An international team of scientists has designed a molecule that uses light or electricity to convert the greenhouse gas carbon dioxide into carbon monoxide. The process includes using a nanographene-rhenium complex connected via an organic compound known as bipyridine to trigger a highly efficient reaction that could someday replace solar cells.
The molecule acts as a two-part system: a nanographene "energy collector" that absorbs energy from sunlight and an atomic rhenium "engine" that produces carbon monoxide. The energy collector drives a flow of electrons to the rhenium atom, which repeatedly binds and converts the normally stable carbon dioxide to carbon monoxide. The idea to link nanographene to the metal arose from earlier efforts to create a more efficient solar cell with the carbon-based material. But this model actually eliminates the solar cells, and uses the light-absorbing quality of nanographene alone to drive the reaction.

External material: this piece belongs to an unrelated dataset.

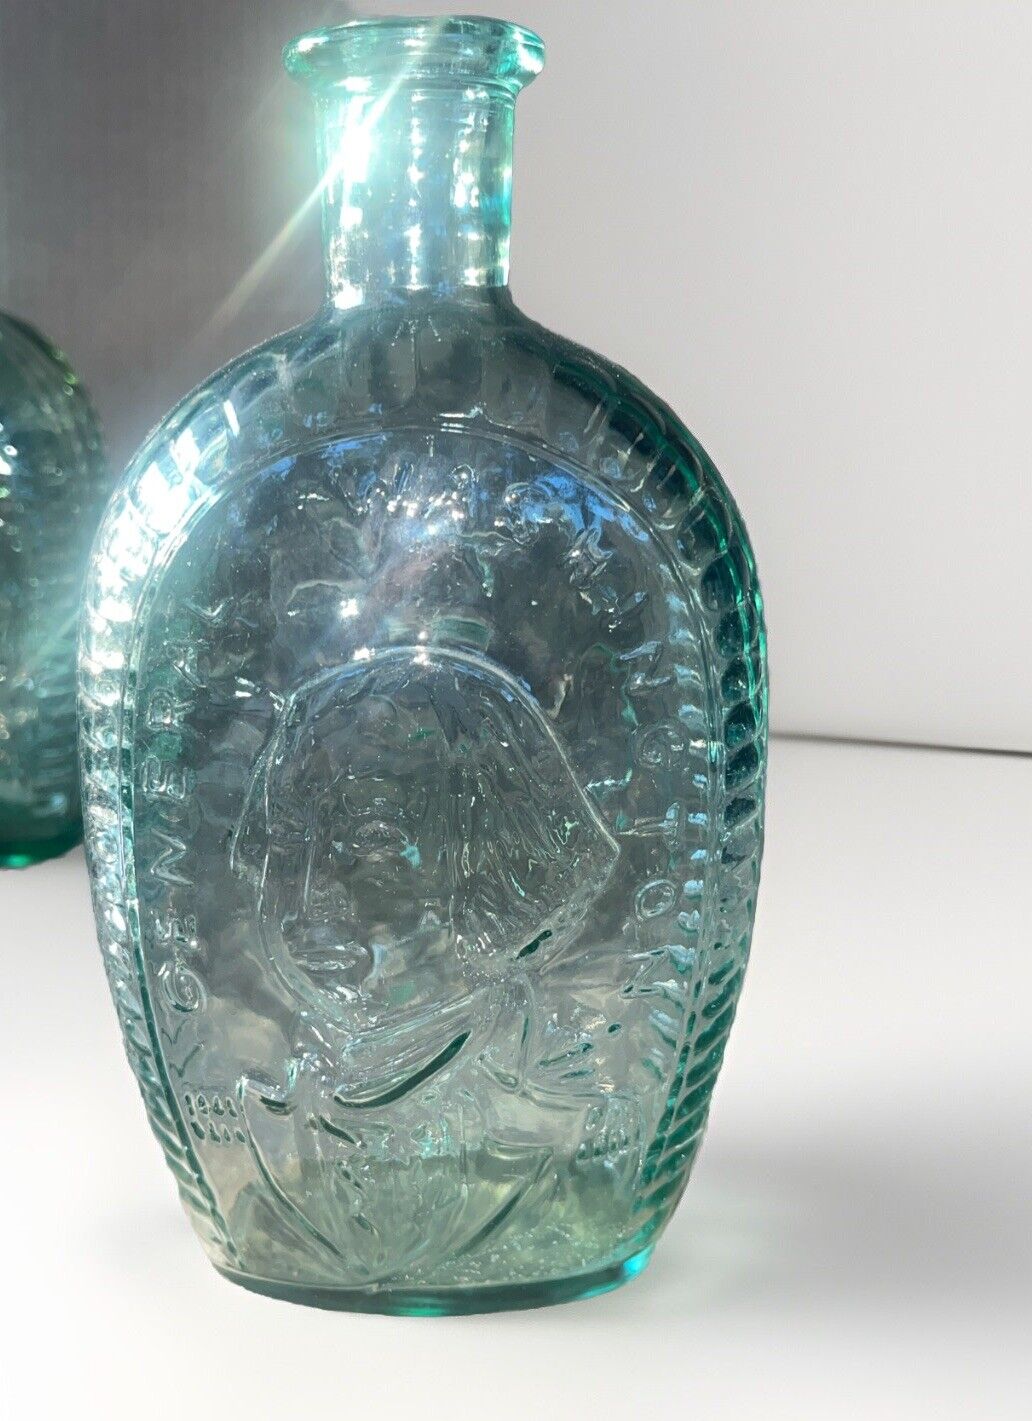 VTG Lestoil Glass Bottle General George Washington Eagle Flask Decanter Aqua
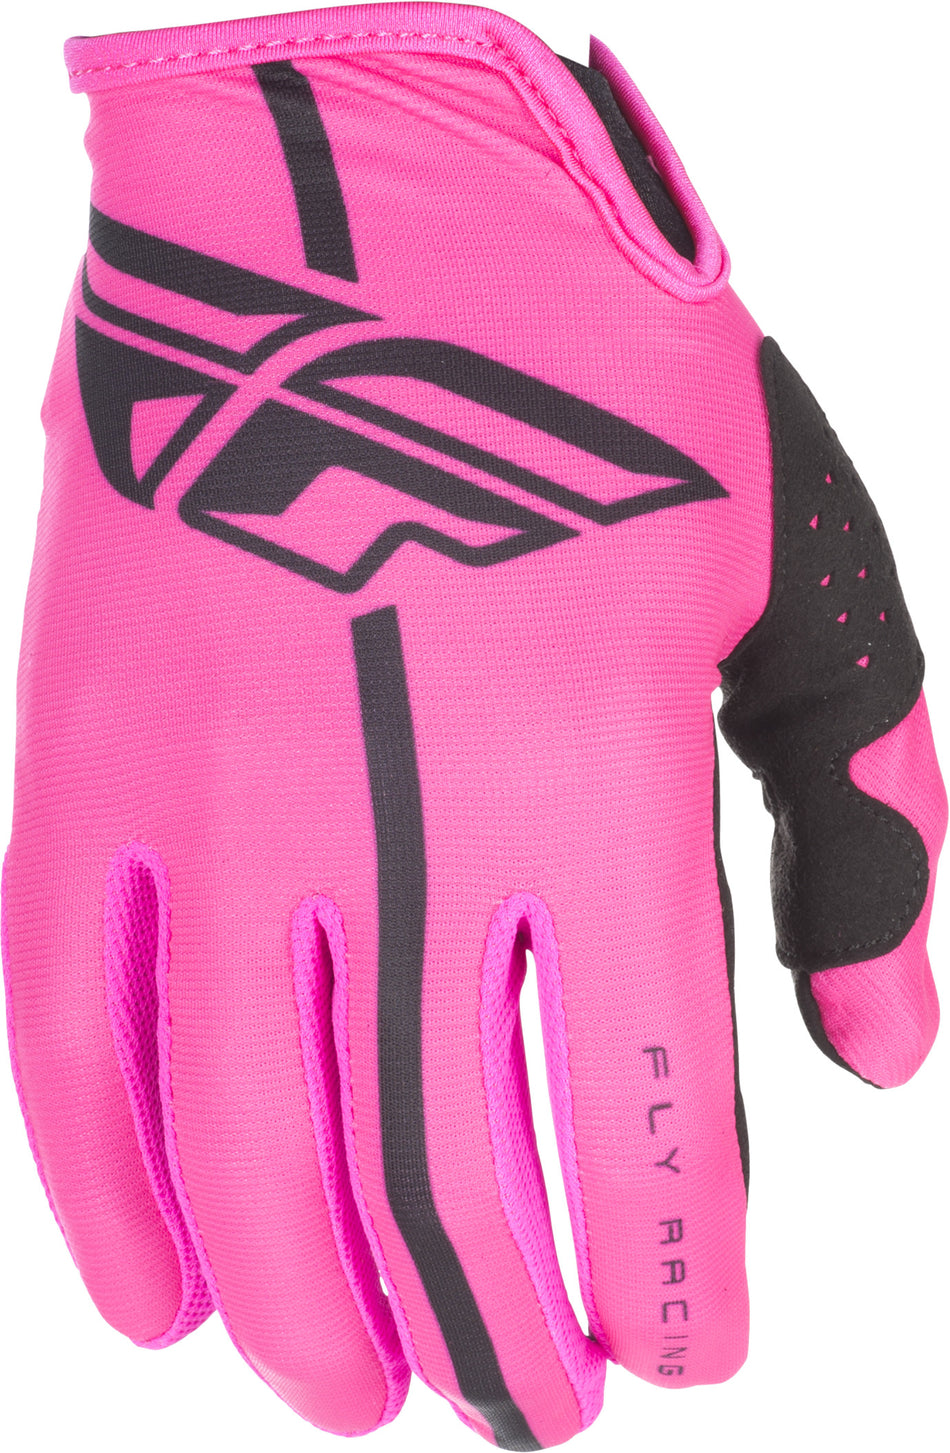 FLY RACING Lite Gloves Neon Pink/Black Sz 11 371-01711

"If you can create an efficient enough molecule for this reaction, it will produce energy that is free and storable in the form of fuels," said an associate professor in the IU Bloomington College of Arts and Sciences. "This study is a major leap in that direction. The ability to efficiently and exclusively create carbon monoxide is significant due to the molecule's versatility. This is also a way to store energy as a carbon-neutral fuel since you're not putting any more carbon back into the atmosphere than you already removed. You're simply re-releasing the solar power you used to make it."
The bipyridine-metal complexes have long been studied to reduce carbon dioxide to carbon monoxide with sunlight but these molecules can use only a tiny sliver of the light in sunlight, primarily in the ultraviolet range, which is invisible to the naked eye. In contrast, the molecule developed in this study takes advantage of the light-absorption nanographene to create a reaction that uses sunlight in the wavelength up to 600 nm, a larger portion of the visible light spectrum.
The team plans to make the molecule more powerful, including making it last longer and survive in a non-liquid form as solid catalysts are easier to use in the real world. The scientists are also working to replace the rhenium atom in the molecule (a rare element) with manganese, a more common and less expensive metal.